Sherlock watches, carefully concealed (_wish you could just see me, John, I'm so close to you_) so that he can see John without being seen. John goes into the coffee shop (_you called it _our_ coffee shop once, do you remember, John?_) and Sherlock can recite his **large/coffee/black/plain donut** order by heart still (_because I never want to forget these things that are important to you, John_) and he can almost hear it, the moment the girl behind the counter (_large brown eyes, short blonde hair, upturned nose, freckles_) flirts with John (_my John_), asks him about his **boyfriend/partner/friend** and he'll smile sadly and say that it's all very tragic (_of course_) but that he never stopped believing in him (_you've stopped correcting people about us_).

John walks out of the shop with a small paper bag and a large travel mug of coffee. Flash of metal in the unusual sunlight, **small/thin/gold/ring** and Sherlock's heart skips a beat (_you're wearing that ring, really?_) and he has to remind himself not to move (_close, so close, soon_). John walks by, sipping his coffee.

And Sherlock follows.

His phone beeps in his pocket - loud enough that only he can hear it (_obviously_). He pulls it out and swipes his thumb over the screen.

[_He wears our father's ring well, doesn't he? -M_]

[_Your doing, no doubt. -SH_]

The phone is quiet a moment before the reply comes. [_That leather jacket does not suit you at all. You look like you've joined a biker gang. The boots don't help. -M_]

[_It's a disguise, you prat. -SH_]

Sherlock shoves the phone back in his pocket (_stupid, he doesn't understand_) and dashes off to catch up a bit (_distance, leave some distance_) and watches as John keeps walking (_where are you headed, John_), his donut still in the bag.

The answer should have been obvious (_stupid, stupid, John's so much smarter than I ever told him_) and Sherlock watches as he hands the bag (_fifty quid tucked into the roll of the paper at the top, nicely done, John, my John_) to one of the homeless network. Sherlock can't hear the conversation (_can't get closer, it would compromise everything_) but he has a feeling the situation being discussed is himself (_focused, so focused, John_) and he can imagine it when John will inevitably hear **no/sorry/no idea/can't help**, and John will smile and thank them and leave his number (_just in case of course_) and tell them they know where he is.

John hails a taxi.

And Sherlock does the same, offering double to keep a discreet distance while following that cab.
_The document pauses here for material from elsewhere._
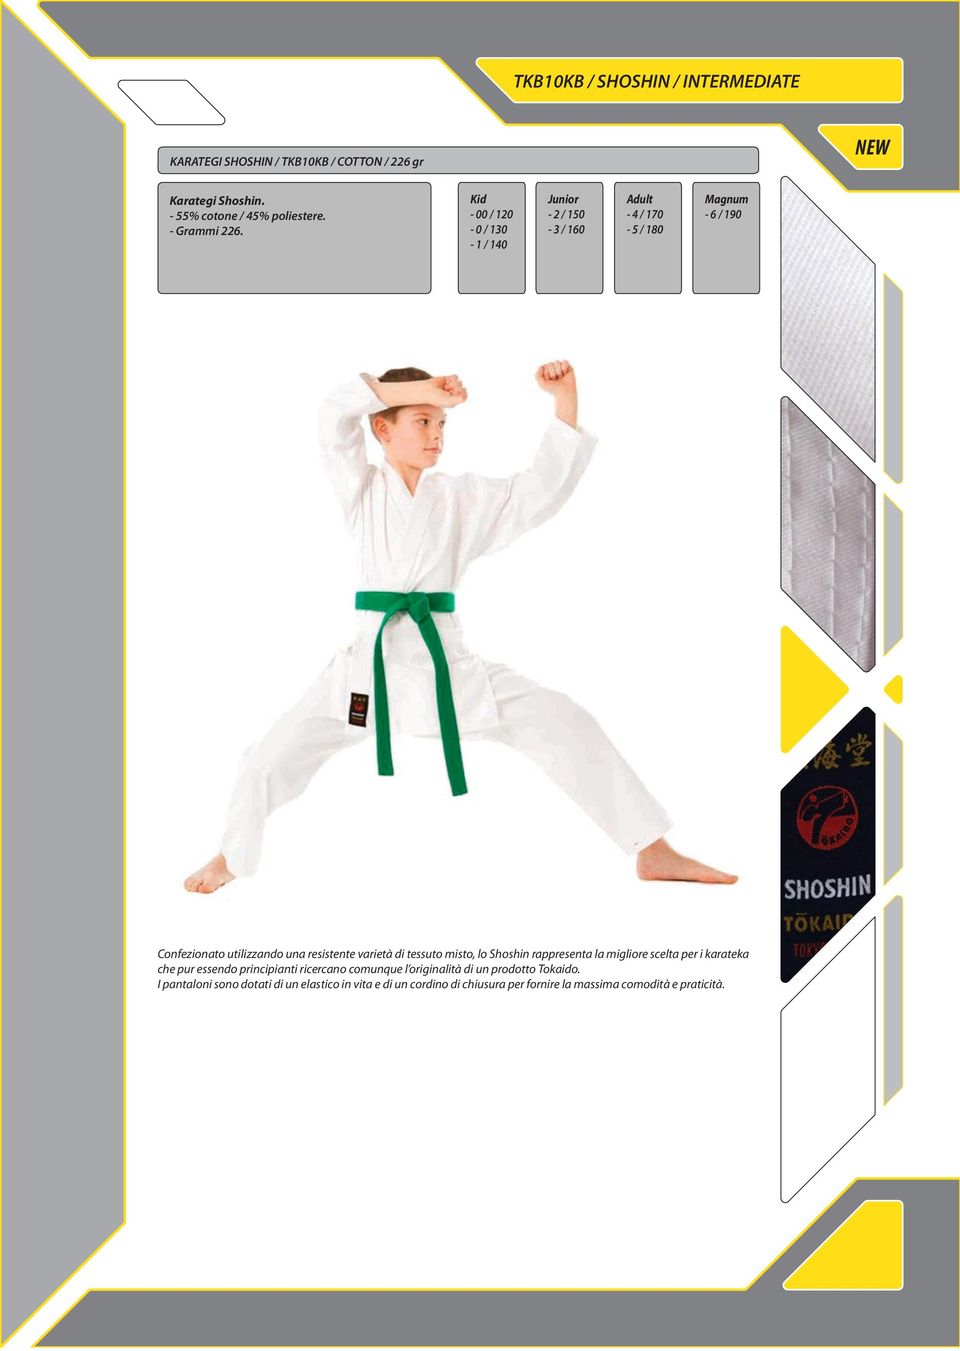 di tessuto misto, lo Shoshin rappresenta la migliore scelta per i karateka che pur essendo principianti ricercano comunque l originalità di un
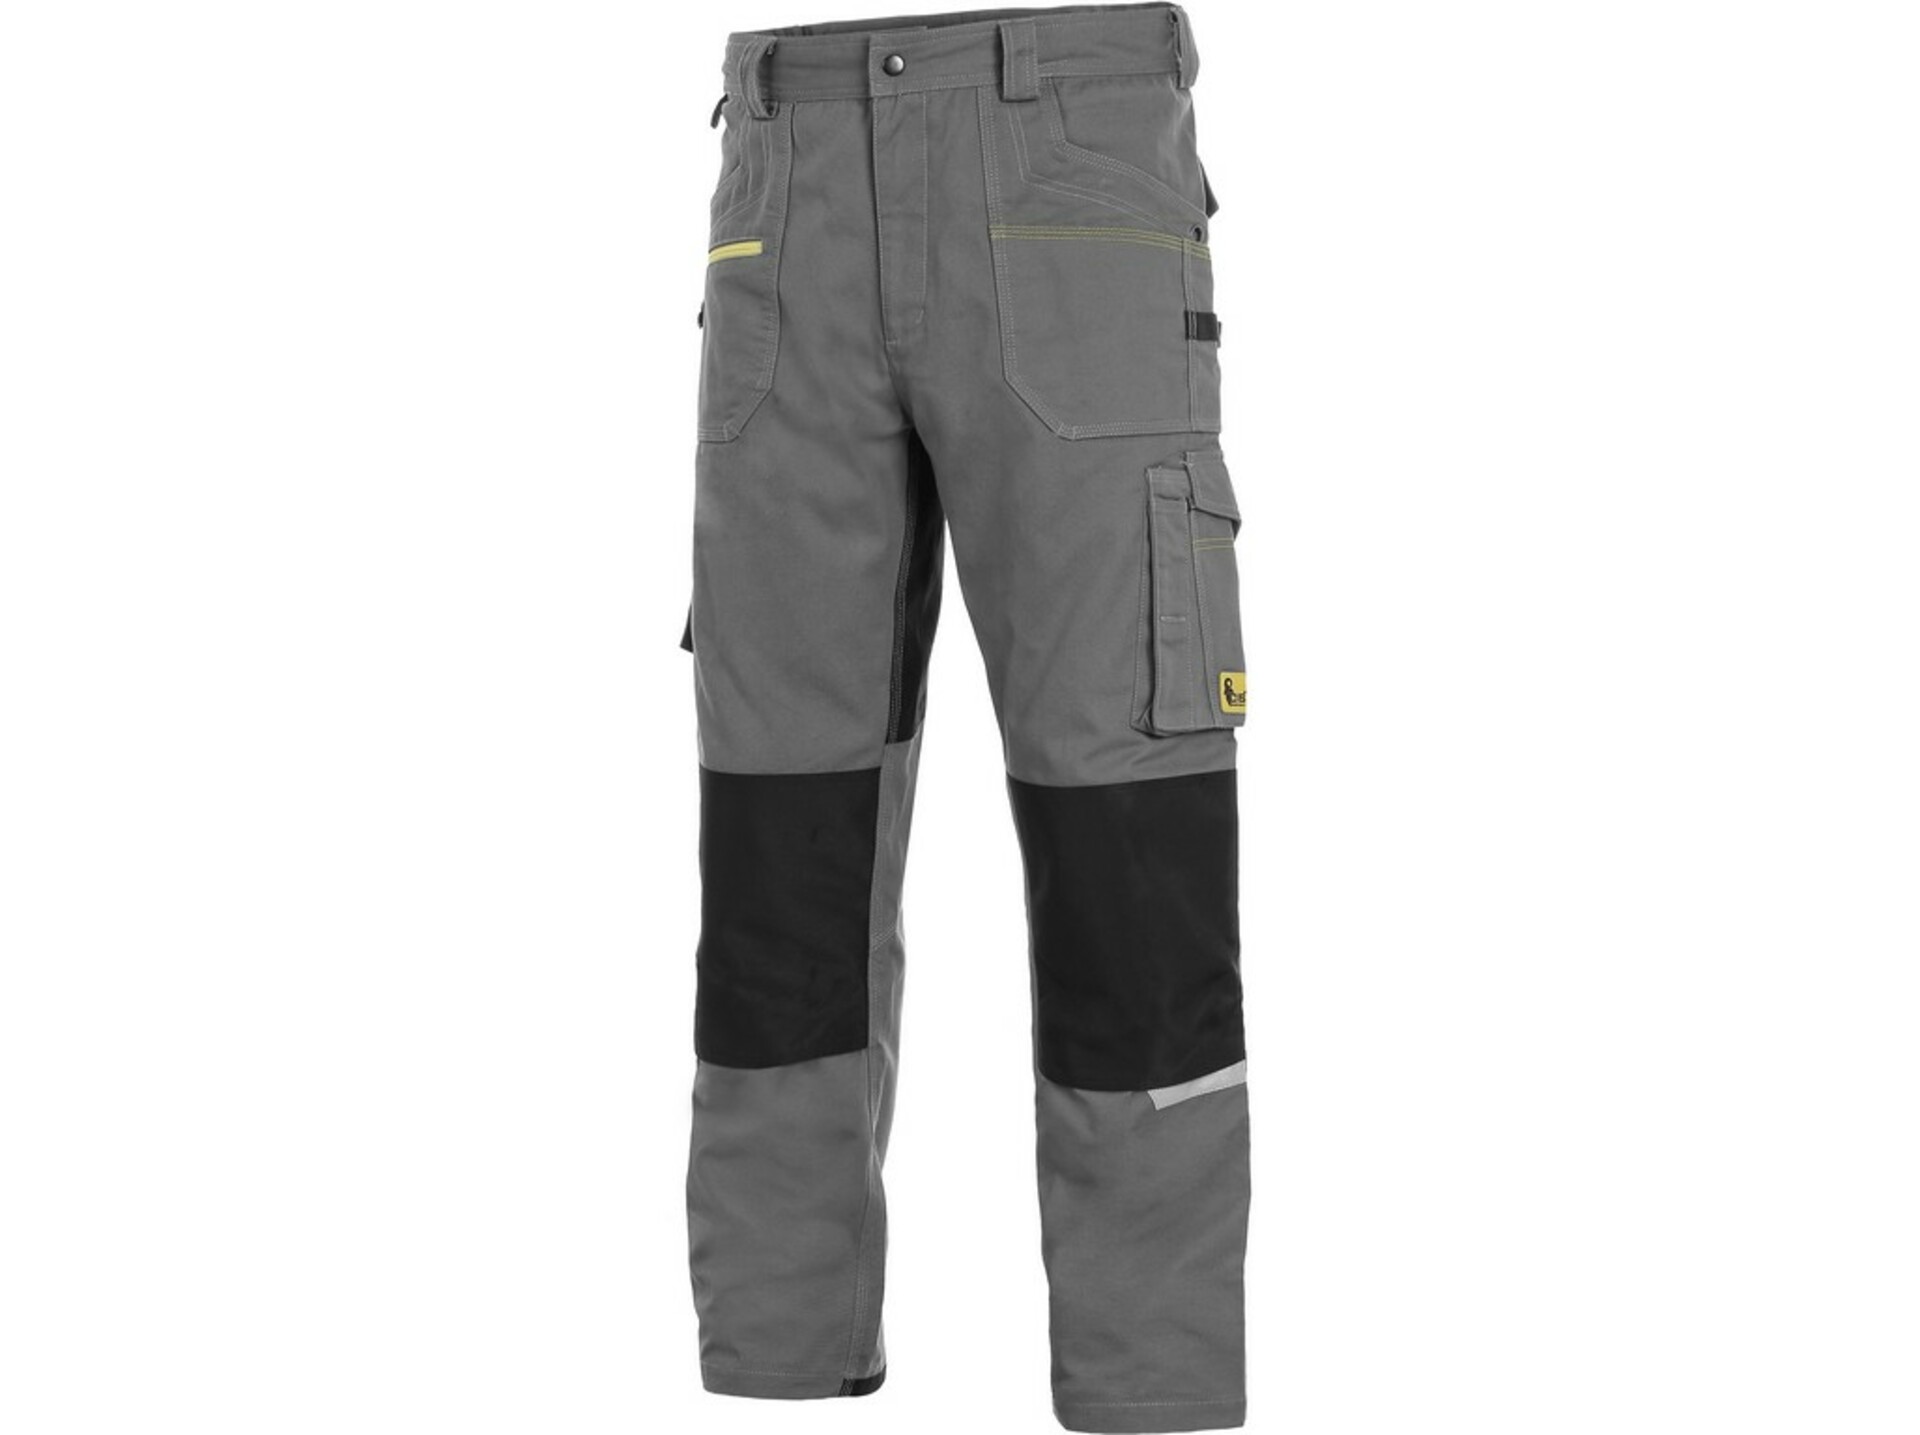 CXS STRETCH pánské Kalhoty pracovní do pasu šedá/černá 62 + Bezplatné vrácení zboží

The cabbie will smirk and make jokes (_jealous husband, yes yes, fine_) and he'll do it.

John gets out at New Scotland Yard and Sherlock waits across the street, setting himself into a seat at a small cafe. He rattles off an order **coffee/black/two sugars** and nothing to eat (_digestion slows me down_) while he waits. He pulls a book out of one of his pockets and pretends to read, occasionally running a hand over his short (_nearly shaved_) hair, all **prickles/softness/strange textures** under his fingers and palm, a feeling he's still not entirely used to (_I actually miss my hair, John, you'd never believe it if I told you_).

John comes out about twenty minutes later, with Lestrade (_Greg_) walking next to him. They're laughing, talking, and Sherlock frowns (_jealousy, how kind of you to show_). They start to walk towards the cafe, and Sherlock feels that moment of **fight/flight **and flight is about to win when he sticks his nose in his book a little farther, throws one leg up onto the seat next to him at the table.

They walk by without a second glance.

They get a table not far from Sherlock, just out of view but well within earshot, and his heart is pounding (_John, you're so close, I can't, I don't, I just want to..._) and he hears Lestrade. "So what's that on your hand, then? You run away and get married without tellin' any of us?"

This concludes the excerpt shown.